Pay attention to the tone of the question and use it to determine the technical familiarity of the user with the product, and then adjust your answer accordingly.

If you do not know the answer, advise the user to seek help via king wencheng support.

{context}

Question: {question}

Answer tailored to the technical familiarity of the user:"""

In [148]:
# Variable for prompt template
prompt_for_chain = PromptTemplate(template = demo_template, input_variables = ["context", "question"])

In [149]:
# choose an OpenAI LLM
llm = ChatOpenAI(temperature=0, model_name="gpt-3.5-turbo-16k", openai_api_key=openai.api_key)

In [150]:
# the chatbot building part... it feels too simple, but I think this will be enough to get it to work
# chain type can be anything, "stuff" seems to be the most basic
# we use the retriever from earlier
# chain argument will just be our prompt template from earlier
assistant = RetrievalQA.from_chain_type(llm = llm,
                                        retriever = vector_db_retriever,
                                        chain_type = "stuff",
                                        chain_type_kwargs = {"prompt": prompt_for_chain})

In [151]:
# actually giving the prompt, run this to talk to the assistant
assistant.run("My IPad is not turning on, help!")
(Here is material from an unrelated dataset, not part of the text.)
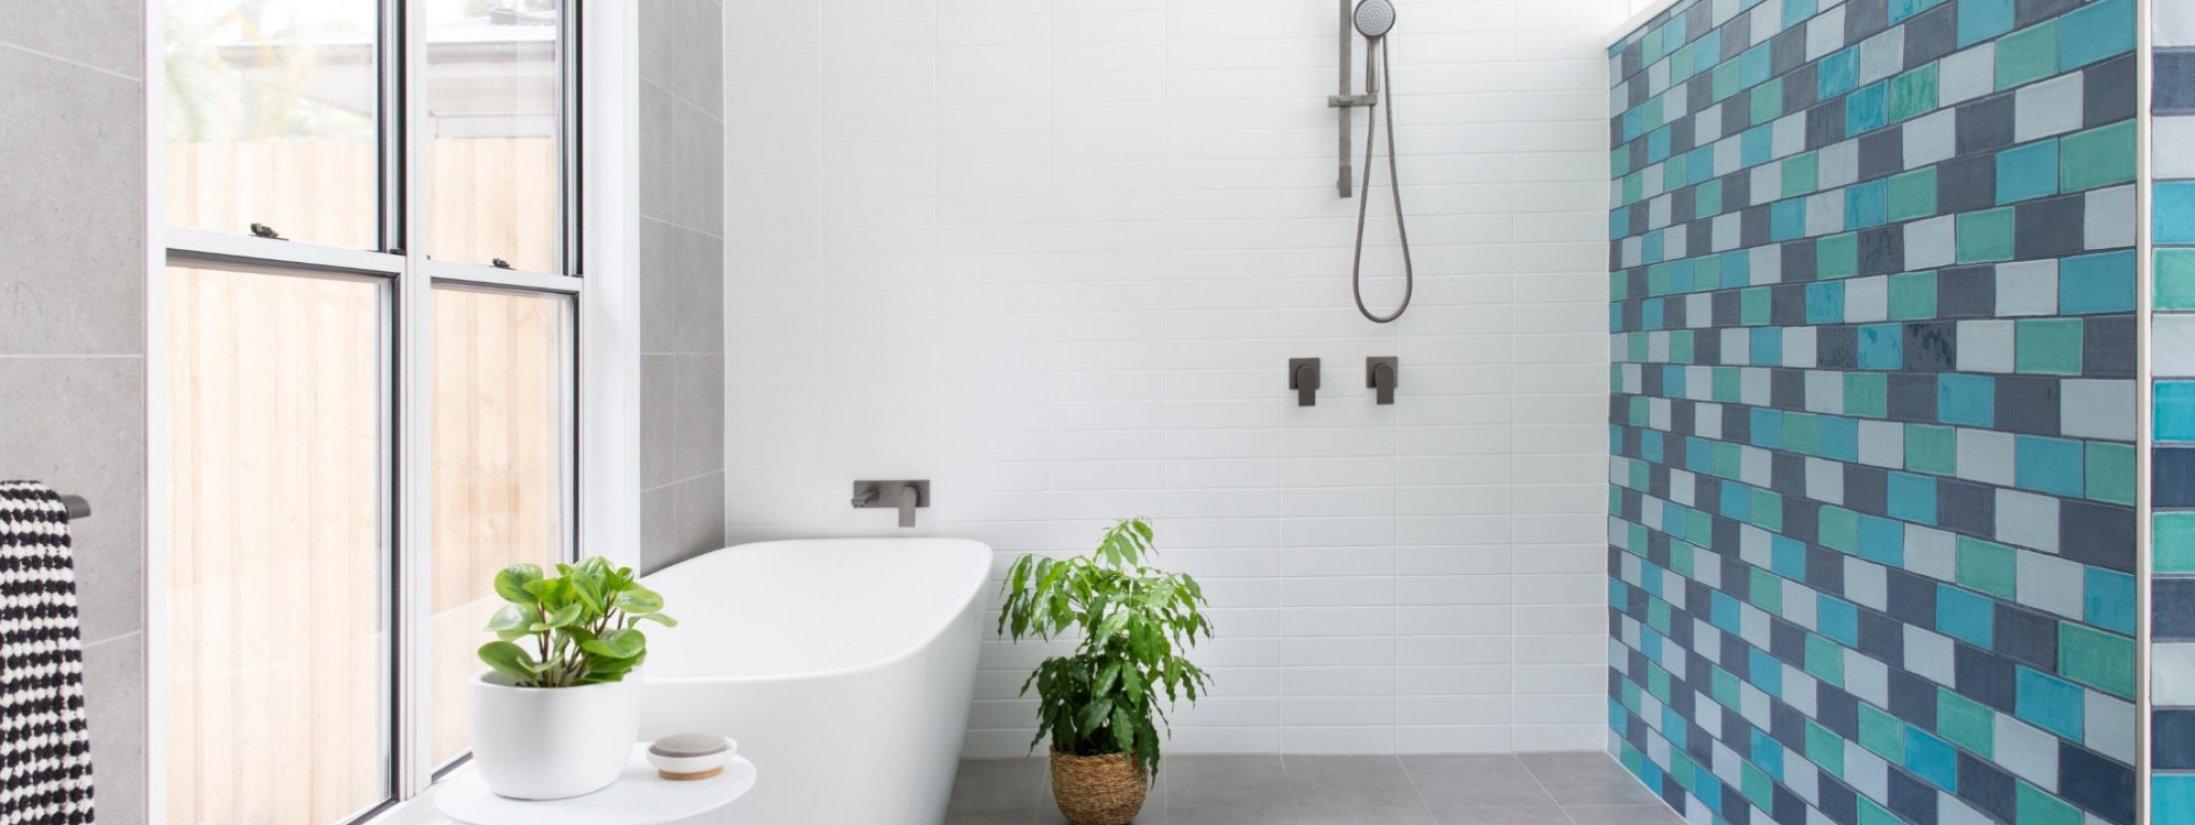 Barrel and Branch - Byron Bay - master bedroom ensuite with bath

"I'm sorry to hear that your iPad is not turning on. Here are a few troubleshooting steps you can try:\n\n1. Make sure your iPad is charged. Connect it to a power source using the charging cable and let it charge for at least 15 minutes. Then try turning it on again.\n\n2. If your iPad is still not turning on, try a hard reset. Press and hold both the Home button and the Power button at the same time for about 10 seconds until you see the Apple logo. Then release the buttons and wait for your iPad to restart.\n\n3. If the above steps don't work, it's possible that there may be a hardware issue with your iPad. I recommend contacting Apple Support or visiting an Apple Store for further assistance. They will be able to help you diagnose and fix the problem.\n\nIf you need further assistance, I recommend reaching out to King Wencheng support for additional help."